Will definitely be following the updates. Happy to review or test when you have a draft

Delaube923 · March 11, 2026, 6:51am

I’m currently building an AI agent system that relies heavily on intent-based execution, so this proposal is particularly interesting. Combining user-signed intents with zero-knowledge verification of agent behavior seems like a promising direction for making autonomous agents economically accountable.
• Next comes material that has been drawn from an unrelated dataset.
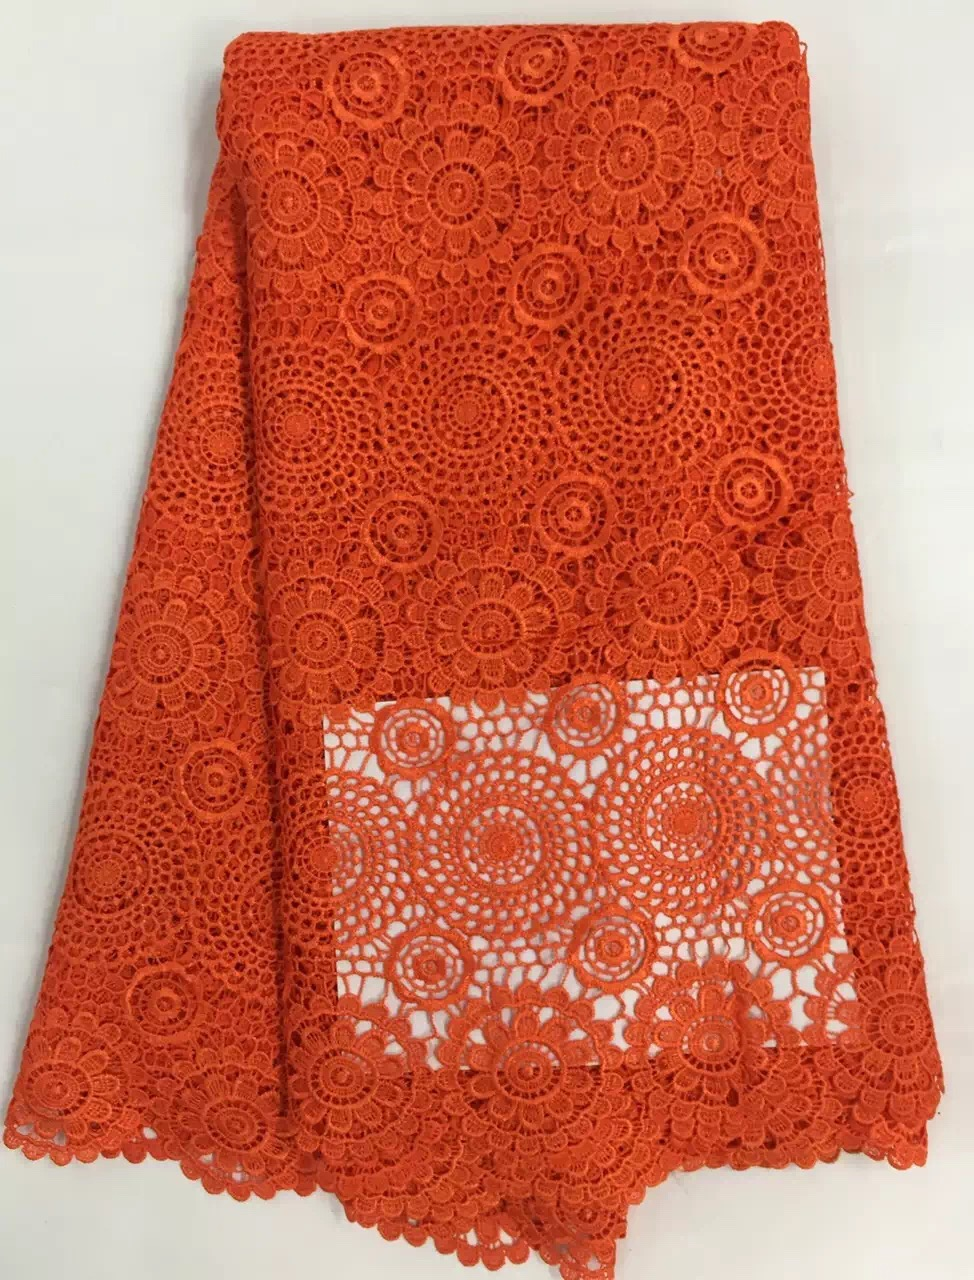 CW2023 Cordón de cordón de guipur nigeriano de poliéster africano - Artes, artesanía y costura - foto 2

A few thoughts and questions from the perspective of intent infrastructure:

1. Intent abstraction vs. calldata verification

The current design appears to verify that the executed transaction matches the user-signed intent. In many intent-based systems, however, the user typically signs a high-level constraint rather than a specific transaction structure. For example:

“Swap up to X tokens for Y with ≤ Z slippage”
“Execute arbitrage if profit ≥ P”
“Route through any protocol”

In such cases, the agent may legitimately produce many different calldata patterns that all satisfy the same intent.

Would the ZK circuit verify constraint satisfaction rather than strict calldata matching?
If so, the specification might benefit from clearly separating:

Intent constraints
Execution witness

This distinction could make the standard more compatible with solver-style architectures.

2. Multi-step execution and solver networks

In solver networks or agent marketplaces, a single intent may be fulfilled through multiple steps:

DEX swap
bridge
secondary swap
staking or settlement

Instead of verifying a single transaction, it may be useful to verify that a sequence of actions satisfies the original intent constraints.

This raises a question:
Should the standard explicitly support a batched execution proof, where the agent proves that the entire execution graph satisfies the intent?

That approach might align well with recursive proving strategies mentioned earlier.

Overall, I think the proposal addresses a critical gap for agent-driven execution. ZK-verified intent fulfillment could become an important primitive for autonomous DeFi systems.

Happy to contribute further if the discussion moves toward reference circuits or execution models.